Печально известные редакционные статьи «Сумбур вместо музыки» и «Балетная фальшь», опубликованные в «Правде» на пороге Большого террора, в январе – феврале 1936 года по указанию ЦК ВКП(б), были посвящены разгромной критике двух новых театральных постановок – оперы «Леди Макбет Мценского уезда» и балета «Светлый ручей». Оба музыкальных произведения были созданы молодым композитором Д.Д. Шостаковичем. Эти статьи представляют собой документы, определившие, наряду с партийным постановлением 1932 года, советский дискурс о «партийном» и «народном» искусстве и задолго до пресловутой «ждановщины» задавшие обличительный пафос в отношении творческих поисков деятелей культуры[87]. К его опорным конструкциям, отчетливо проявившимся уже в первой рецензии, на «Леди Макбет Мценского уезда», можно отнести следующие. Во-первых, это нормативное понимание «подлинного» искусства, задающее тесные рамки свободе творчества и художественным новациям. «Подлинное» искусство должно было быть простым и понятным массам, оно должно было их воспитывать, объединять и поднимать на выполнение великих целей построения нового общества. Вторым важным компонентом нового советского дискурса об искусстве была констатация возросших культурных запросов населения, налагающая повышенную ответственность на деятелей искусств, владеющих инструментами воспитания и мобилизации масс. В-третьих, для нового понимания искусства было характерно обвинение художественного новаторства в умышленном «формалистичном» и «натуралистичном» противостоянии социалистическому реализму. В-четвертых, разоблачался сознательный отрыв от «народа», культивирование элитаризма и формализма, вместо того чтобы брать пример с народного творчества и образцов его успешного переноса на сцену национальными самодеятельными коллективами. В-пятых, художественные эксперименты, которые якобы дезориентировали и развращали зрительскую аудиторию, прививая ей вульгарные, грубые вкусы, политизировались и криминализировались в классовом духе как опасные, «левацкие» и «мелкобуржуазные». Наконец, в критике торжествовал безапелляционный тон грубого начальственного окрика и персонального оскорбления[88].

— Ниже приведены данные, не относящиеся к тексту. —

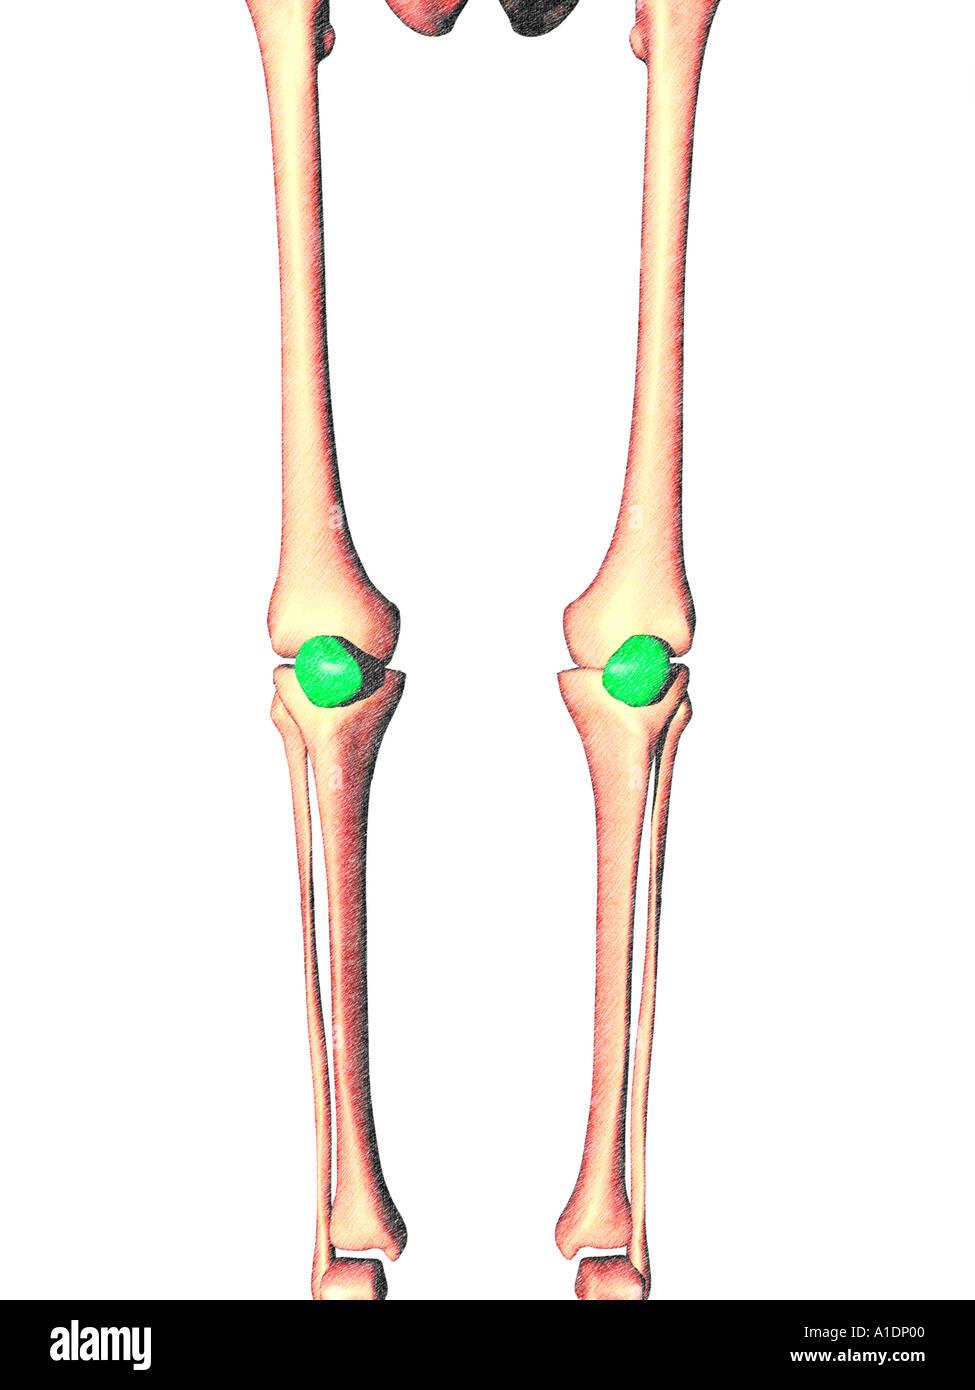 medium resolution of illustration of patella highlighted on legs
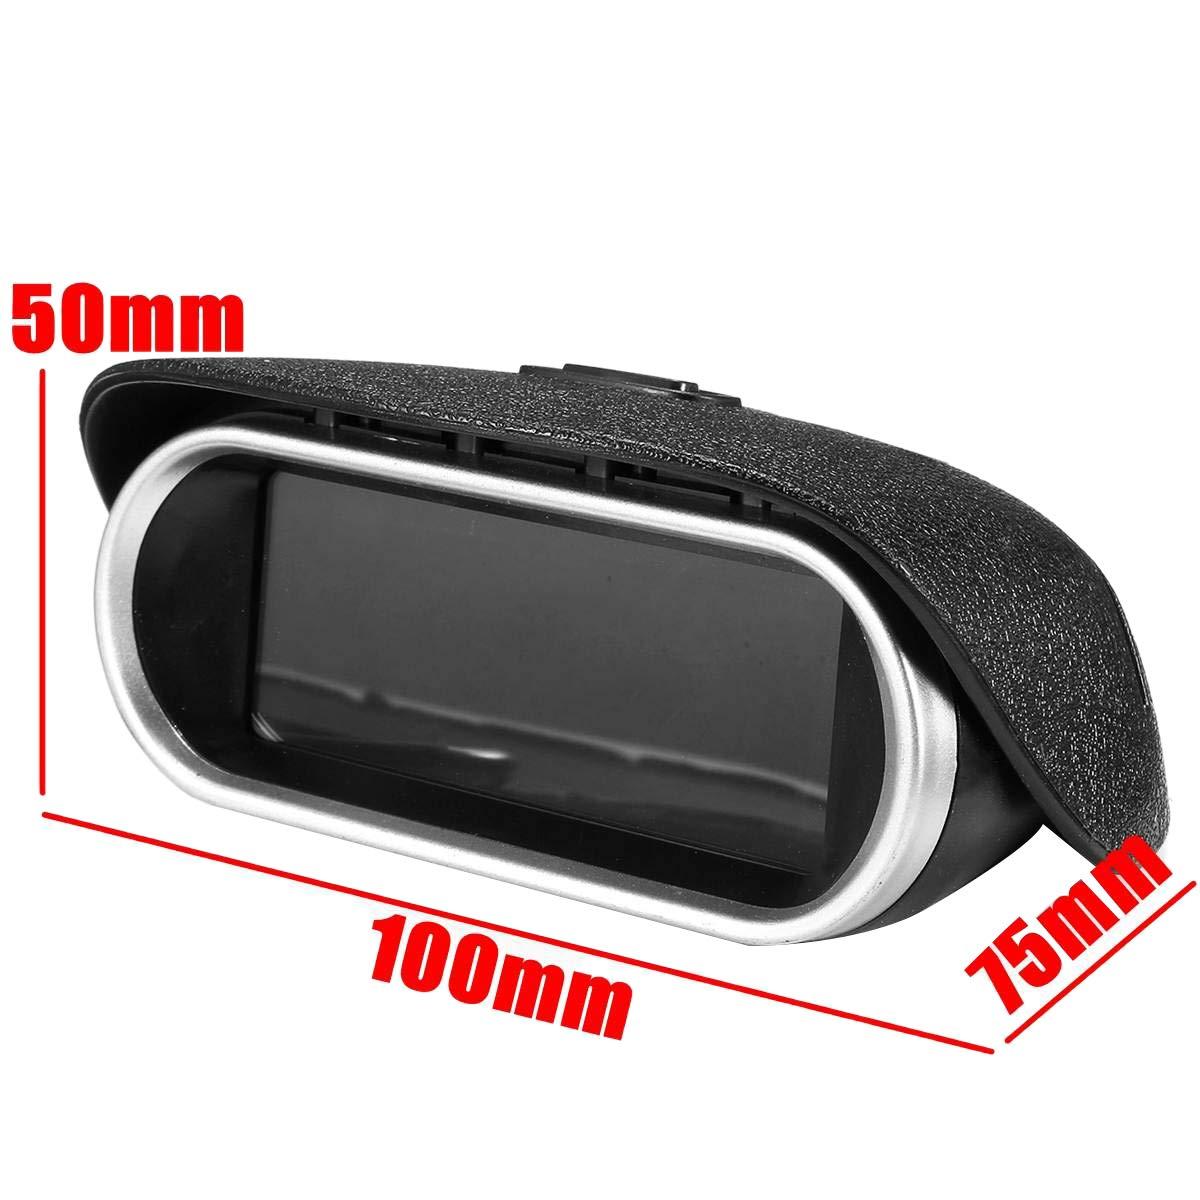 TOOGOO Auto Universal 50-9999 RPM Drehzahlmesser LCD Digital Anzeige Motor Drehzahlmesser Boot LKW LCD Bildschirm Drehzahlmesser

Вслед за первой рецензией, 9 февраля 1936 года, в «Правде» напечатана редакционная статья «Балетная фальшь», на этот раз обрушившаяся на комический балет «Светлый ручей», поставленный в 1935 году Ф.В. Лопуховым на музыку Д.Д. Шостаковича. Эта статья дополняла предыдущий документ и была первым официальным текстом, обличавшим советское хореографическое произведение. В нем ясно показано, что советский, в том числе колхозный, быт не может быть объектом шутки, комедии, а тем более осмеяния, которое характеризовалось как опошление и издевательство. В статье ясно обозначены взаимоотношения классического и народного искусства (которое станет отдельной темой исследования во второй части книги). Забегая вперед, отмечу лишь, что «подлинное» советское музыкальное и хореографическое искусство должно было идти на выучку к народному творчеству, но не копировать, а опираться на него. Это предполагало возможность перерабатывать фольклор, который и в сценическом варианте, несмотря на авторское вмешательство композитора и балетмейстера, оставался «народным» искусством.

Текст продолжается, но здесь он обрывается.